Le dernier loup abattu dans le massif armoricain l’aurait été en 1913 à Tréméven, dans les Côtes d’Armor. L’espèce a été considérée comme éradiquée au niveau national en 1937, avant qu’un couple de loups ne soit observé dans le parc du Mercantour (Alpes-Maritimes) en 1992.

Trente et un ans plus tard, la population de loups a été estimée à 1 003 individus dans l’Hexagone fin 2023, par l’Office français de la biodiversité (OFB).

En Bretagne, l’OFB, qui se base uniquement sur des analyses génétiques, a comptabilisé deux loups depuis 2022. L’un est mort écrasé sur une route du Morbihan en février 2024 et l’autre serait toujours établi dans les Monts d’Arrée.

Cet animal extrêmement mobile, déjà repéré près de Hambourg (Allemagne) et en Belgique, aurait parcouru quelque 1 300 km, avant de rejoindre le Finistère.

Vu la vitesse de dispersion de l’espèce, « il n’y a pas trop le choix, il faut apprendre à vivre avec », estime François de Beaulieu. « Ce qui compte, c’est la capacité des humains à s’adapter à sa présence ».

29 attaques imputables au loup

Une capacité qui a ses limites, selon Sébastien Abgrall, président de la Coordination rurale du Finistère, qui cite le cas d’un éleveur victime de « cinq prédations en quelques mois ».

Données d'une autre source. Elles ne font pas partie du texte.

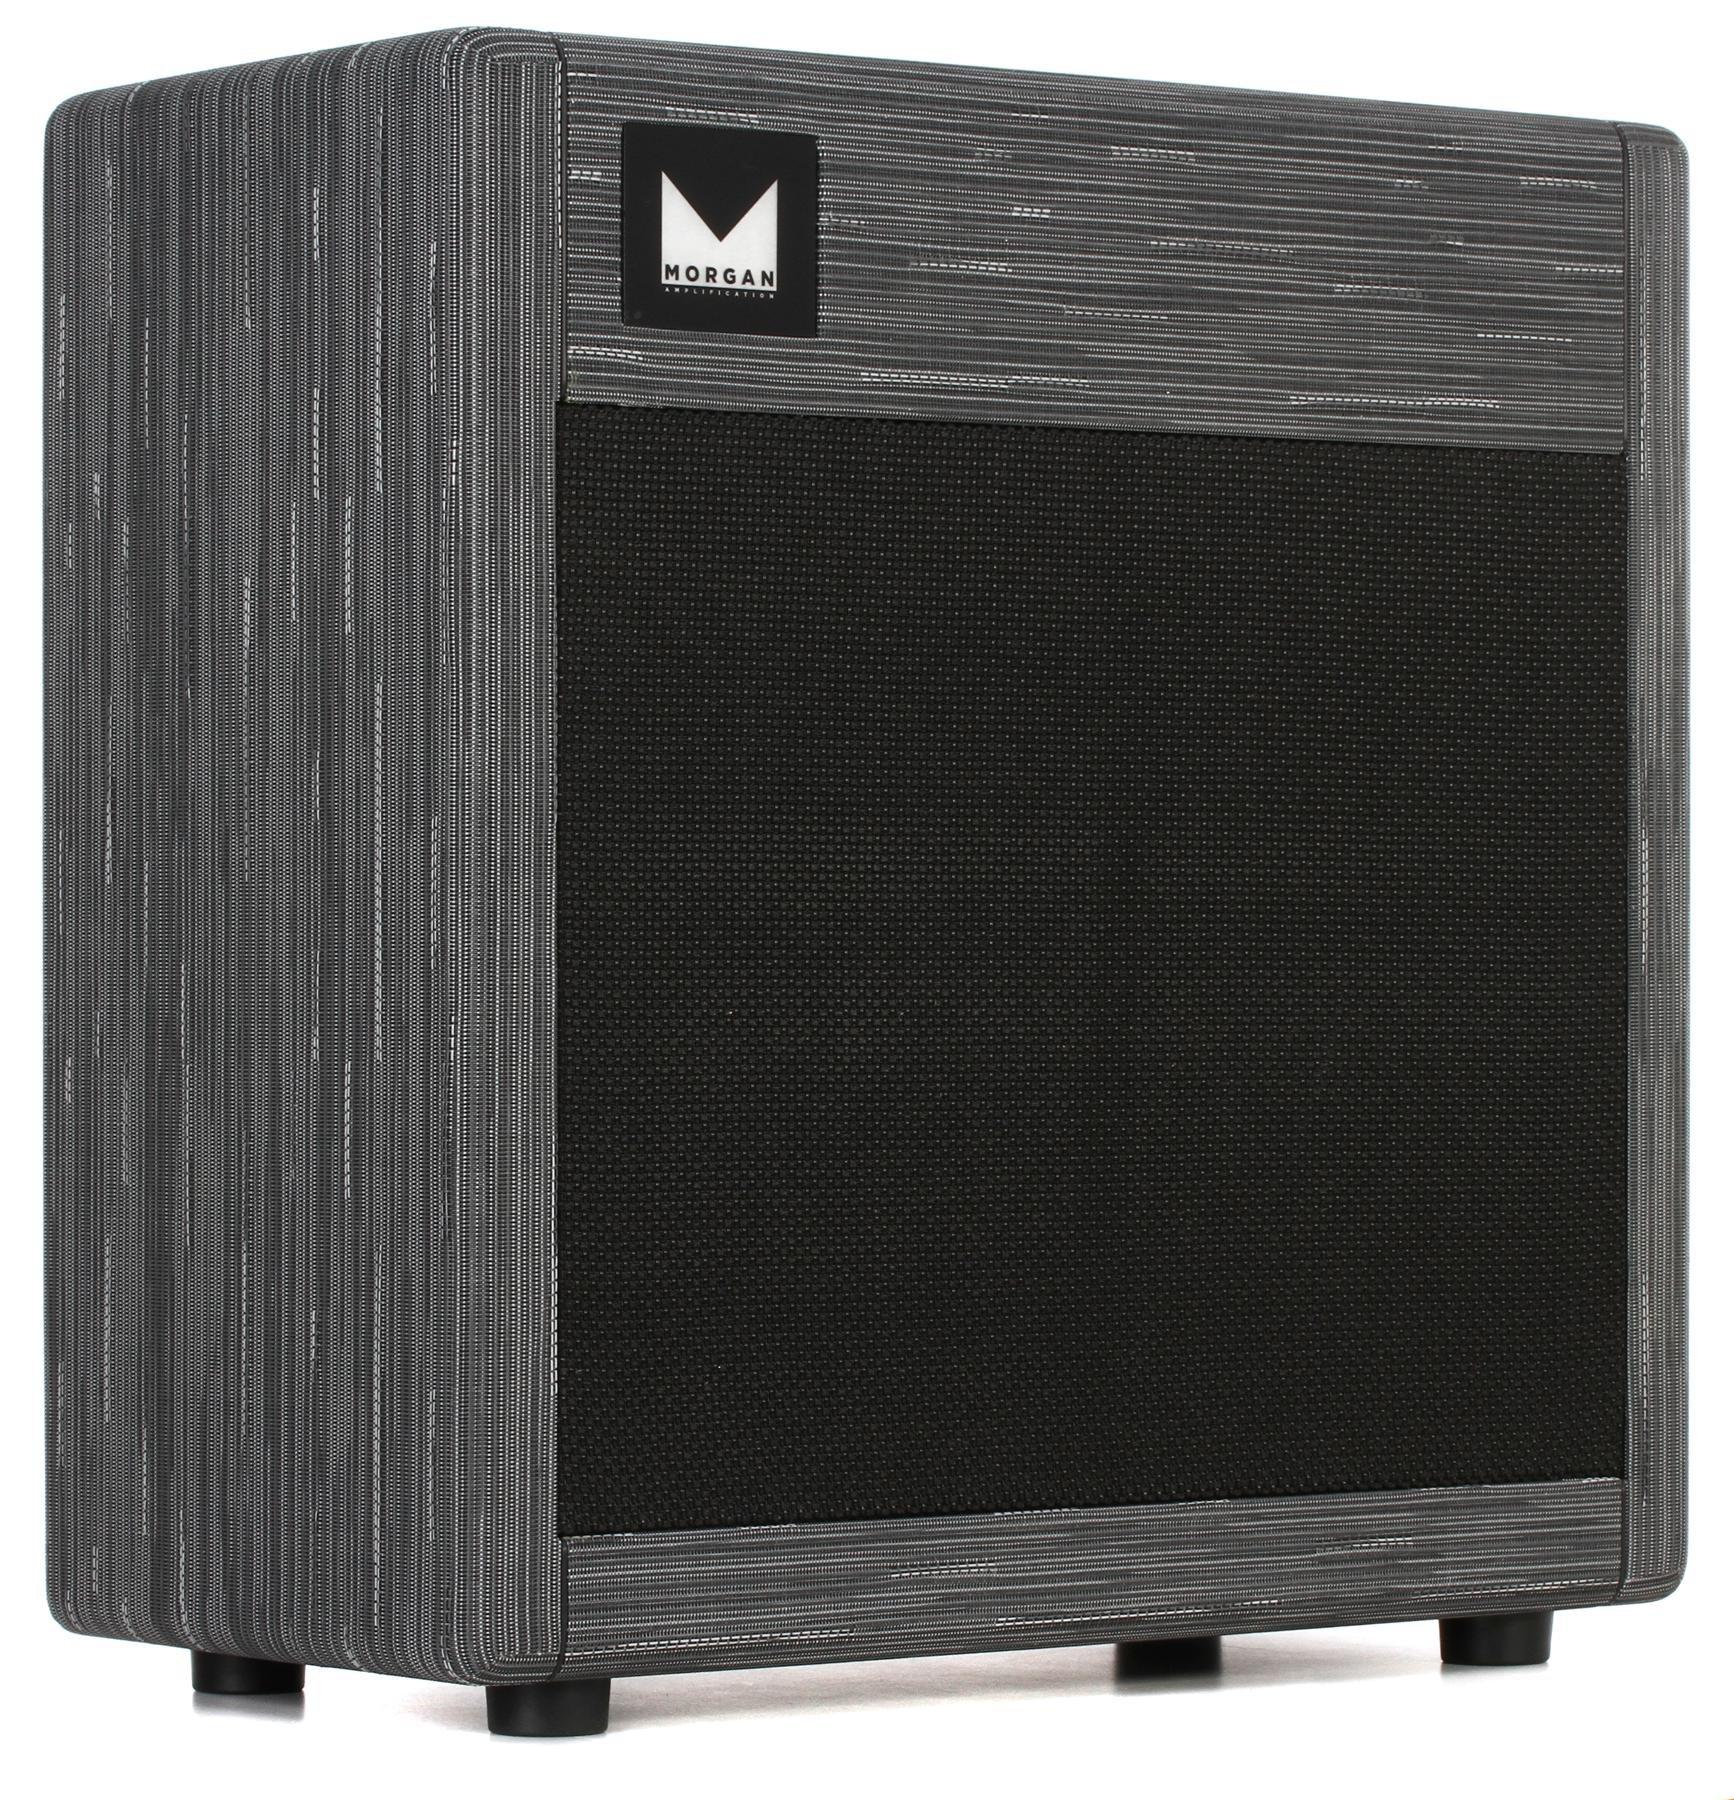 Morgan Amps Mvp23 Combo 23 Watt 1x12 Hand Wired Tube 12w Audio Amplifier Twilight

« Ce n’est plus tenable ! Je sens la colère monter dans certains secteurs », affirme le syndicaliste agricole. « Si on élève des animaux, c’est pas pour ramasser leurs cadavres et toucher des indemnités après. » Depuis le début de l’année, la préfecture a répertorié 29 attaques imputables au loup dans le département.

« C’est une menace invisible, un peu sourde pour le moment », nuance Jean-Alain Divanac’h, président de la FDSEA du Finistère, qui demande une réactivité plus grande de l’administration pour éviter toute contestation en cas d’attaques de troupeaux.

Mais « les éleveurs du Finistère, pour la plupart d’entre eux, ne se lèvent pas le matin en pensant au loup », ajoute-t-il.

Les épizooties ou le chouca des tours, un oiseau se nourrissant de petits pois, de maïs ou de blé, font à l’heure actuelle plus de dégâts agricoles que le loup, pointe M. Divanac’h.